Jake Pirovic, played by Fletcher Humphrys, made his first screen appearance on 22 July 2011 and departed on 23 January 2012. In 2014, Humphrys reprised his role as Jake and returned to the serial. Humphrys' co-star Tai Hara, who plays Andy Barrett, spoke to TV Week about Andy's involvement with Jake: "He's on a one-way train that's going nowhere but off the tracks. It's relentless in terms of the number of stuff-ups he's making. Andy has lied to so many people. Everyone has turned their back on him. He's at his lowest point and thinks he can't possibly make any more bad decisions. Jake's older and Andy thinks he's a shady person. But Jake also gives Andy a sense of validation. It makes him feel better." It was revealed that Jake's return storyline would culminate in a murder.

Jake is the leader of a rival surf gang to the River Boys. He dates Tegan Callahan (Saskia Burmeister). Jake is arrested alongside Heath Braxton (Dan Ewing), when Heath attempts to raid the rival gang's drug crop but Pirovic is later released. He demands his drugs back from Heath's brother Darryl (Steve Peacocke) and kidnaps their younger brother Casey (Lincoln Younes) and Ruby Buckton (Rebecca Breeds). Brax returns the drugs to Jake in exchange for Casey and Ruby, but when he realises some are missing, he stabs Brax. Jake is later arrested and sent to jail. While inside prison, Jake's brother Hammer (Benedict Samuel) takes over the lead of his crew but is later shot dead by Charlie Buckton after a failed kidnap attempt. Upon his release, he goes to Charlie Buckton's (Esther Anderson) home and shoots her twice killing her in revenge for killing his brother. Jake waits for Brax at his house and the pair fight before Jake takes off in his car, closely followed by Brax. They fight again on the beach and Jake is caught by the police. He confesses to shooting Charlie and is re-sentenced.

Two years later, Jake is revealed to be the leader of a drug dealing gang that Andy Barrett owes money to. He has three members of his gang including his second, Cody Dalton (Aaron Glenane) to attack Casey and Denny Miller (Home and Away) (Jessica Grace Smith) and kidnap Josh and Evie MacGuire (Philippa Northeast). to make sure Andy pays up. Jake tells Andy about Charlie killing Hammer and blames Brax for his brother's death as well.  After Josh wants nothing to do with Andy following the kidnap ordeal, Jake uses it to his advantage and tries to convince Andy that he can stop Brax before his brother gets killed. Andy initially agrees to help Jake but then realises that Jake is planning to kill Brax. When Andy refuses to help Jake anymore with his plan to try to get Brax's attention, Jake kidnaps Josh as leverage. Andy and Casey meet up with Jake to try and rescue Josh and Casey hits Jake with a stick allowing Andy to run off. Brax and his brother Kyle (Nic Westaway) arrive to assist Casey, but Jake ends up shooting Casey from outside the barn whilst aiming for Brax. Casey then dies of his injuries.

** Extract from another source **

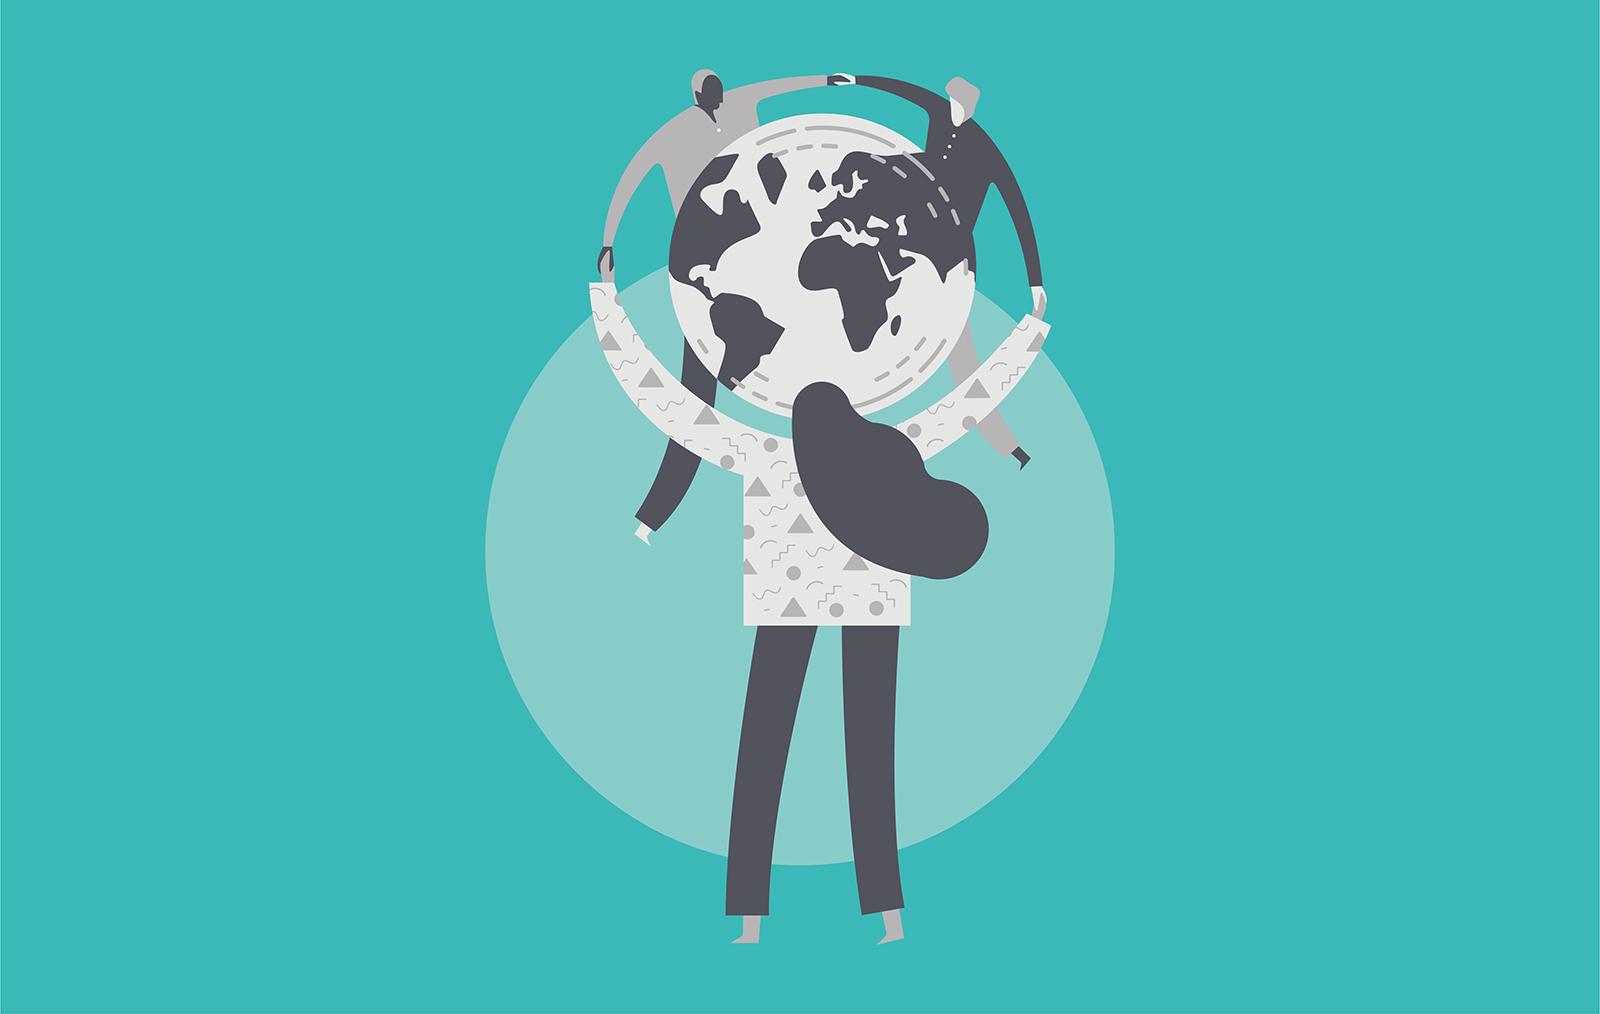 Illustration of global cooperation

Andy later calls Jake and tells him to leave Brax alone because he is already suffering due to Casey's death, but an unrepentant Jake tells him that he is not finished with Brax. Brax then goes looking for Jake to avenge Casey. Brax and Andy hide out at the murder scene where they believe Jake will return to inspect the sight. After spotting tyre tracks on the dirt road he quickly speeds off with Brax & Andy in pursuit. Brax and Jake attempt to run each other off the road when Jake quickly manages to lose the pair but is then cornered on a dead end road, Brax hurtles the car causing it to crash into Jake's vehicle knocking him off the road and seriously injuring him. Brax proceeds to confront the already injured Pirovic one last time but his car explodes. Jake is hospitalised and is put into a medically induced coma on life support. Senior Sergeant Mike Emerson (Cameron Stewart) reveals that Jake was transferred from prison to a low-security facility, as he was deemed not responsible for his actions when shooting Charlie two years ago, under a psychiatric order and had been held there for the past year and ended up escaping.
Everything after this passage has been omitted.